Emocje po depozytowej wojnie powoli opadają i sytuacja na rynku zaczyna się stabilizować. Najwyższe stawki oprocentowania lokat pojawiają się znów przy depozytach o dłuższym terminie zapadalności, a lokaty krótkoterminowe nie są już aż tak atrakcyjne jak jeszcze kilka miesięcy temu. Zysk na poziomie 6 czy 7 proc. przy lokatach trzymiesięcznych, które były głównym orężem depozytowej wojny, gwarantuje już tylko kilka banków.

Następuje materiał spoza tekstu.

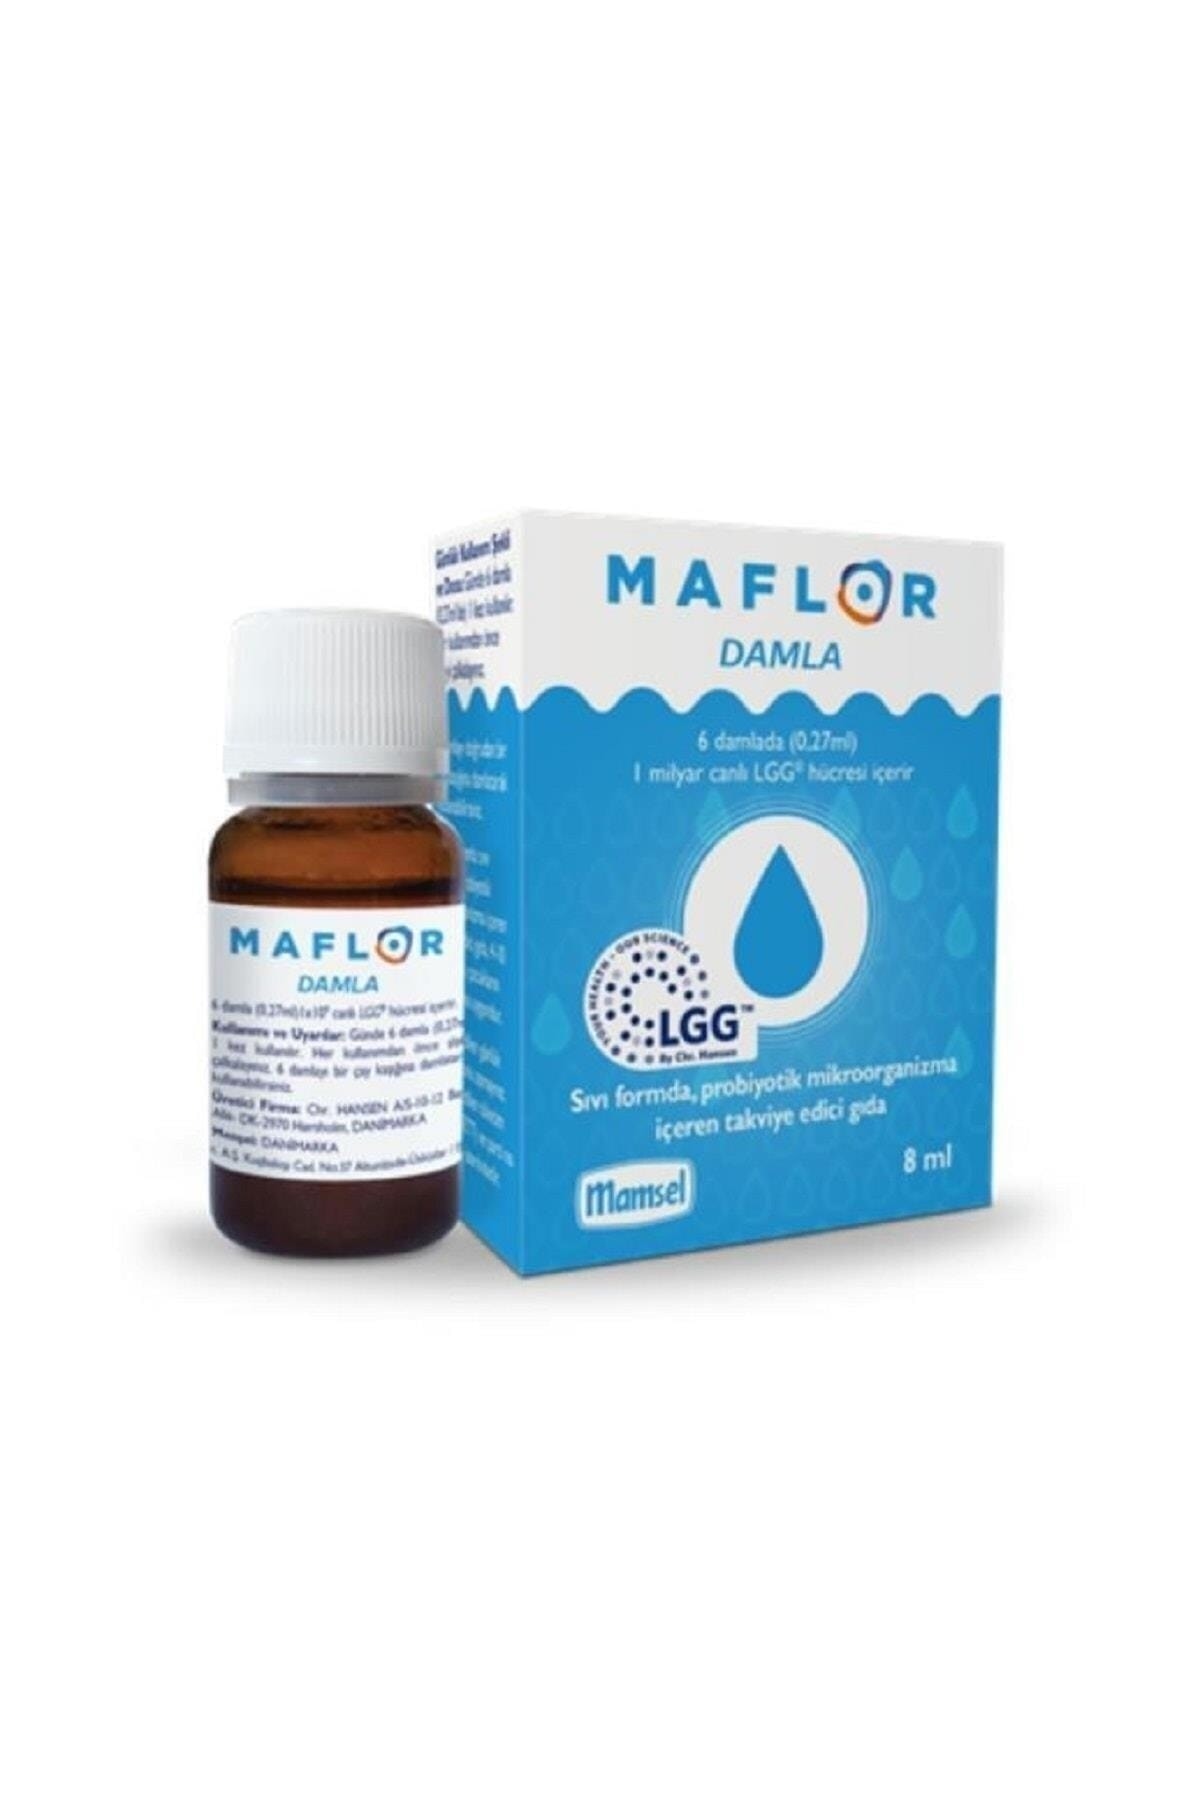 MAFLOR Myflor Damla Lgg 8 ml

W takiej sytuacji ponownie atrakcyjną alternatywą dla lokat stają się konta oszczędnościowe . Ich oprocentowanie jest co prawda trochę niższe, ale produkty te są znacznie bardziej elastyczne i wygodne. Warto także podkreślić, że najlepiej oprocentowane oferty przynoszą zysk porównywalny do lokat .

 

Rachunki Oszczędnościowe
Bank Oprocentowanie dla kwoty 5 tys. Bank Oprocentowanie dla kwoty 20 tys. Bank Oprocentowanie dla kwoty 50 tys.
Euro Bank, Citi Handlowy 6,06% Allianz Bank 6,10% Allianz Bank 6,10%
GETIN Bank* 5,50% Euro Bank, Citi Handlowy 6,06% Euro Bank, Citi Handlowy 6,06%
Polbank EFG, Kredyt Bank, Dominet Bank 5,00% GETIN Bank* 5,50% Toyota Bank Polska 5,53%
Toyota Bank Polska 4,77% Toyota Bank Polska 5,28% GETIN Bank* 5,50%
DB PBC, Allianz Bank 4,80% Polbank EFG, Kredyt Bank, Dominet Bank 5,00% Polbank EFG, Kredyt Bank, Dominet Bank, mBank, BZWBK 5,00%
* w pakiecie e-Getin, standardowo 5%
Źródło: Bankier.pl, stan na 28.07.2009 r.

Konto zamiast lokaty

Oprócz stosunkowo wysokiego oprocentowania rachunków oszczędnościowych, ich zasadniczą zaletą jest możliwość wycofywania środków w dowolnym momencie bez utraty odsetek. Produkt ten sprawdza się więc dobrze, gdy chcemy mieć stały dostęp do naszych oszczędności. To także ciekawa propozycja dla osób preferujących systematyczne oszczędzanie w prostych produktach oszczędnościowych. Na rachunek konta możemy bowiem regularnie – na przykład co miesiąc – wpłacać nowe środki. Pieniądze z rachunku można wypłacić w dowolnej chwili w placówce lub zlecić dyspozycję przelewu na inny rachunek. Banki umożliwiają podgląd salda i zlecanie przelewów także za pomocą systemów bankowości internetowej.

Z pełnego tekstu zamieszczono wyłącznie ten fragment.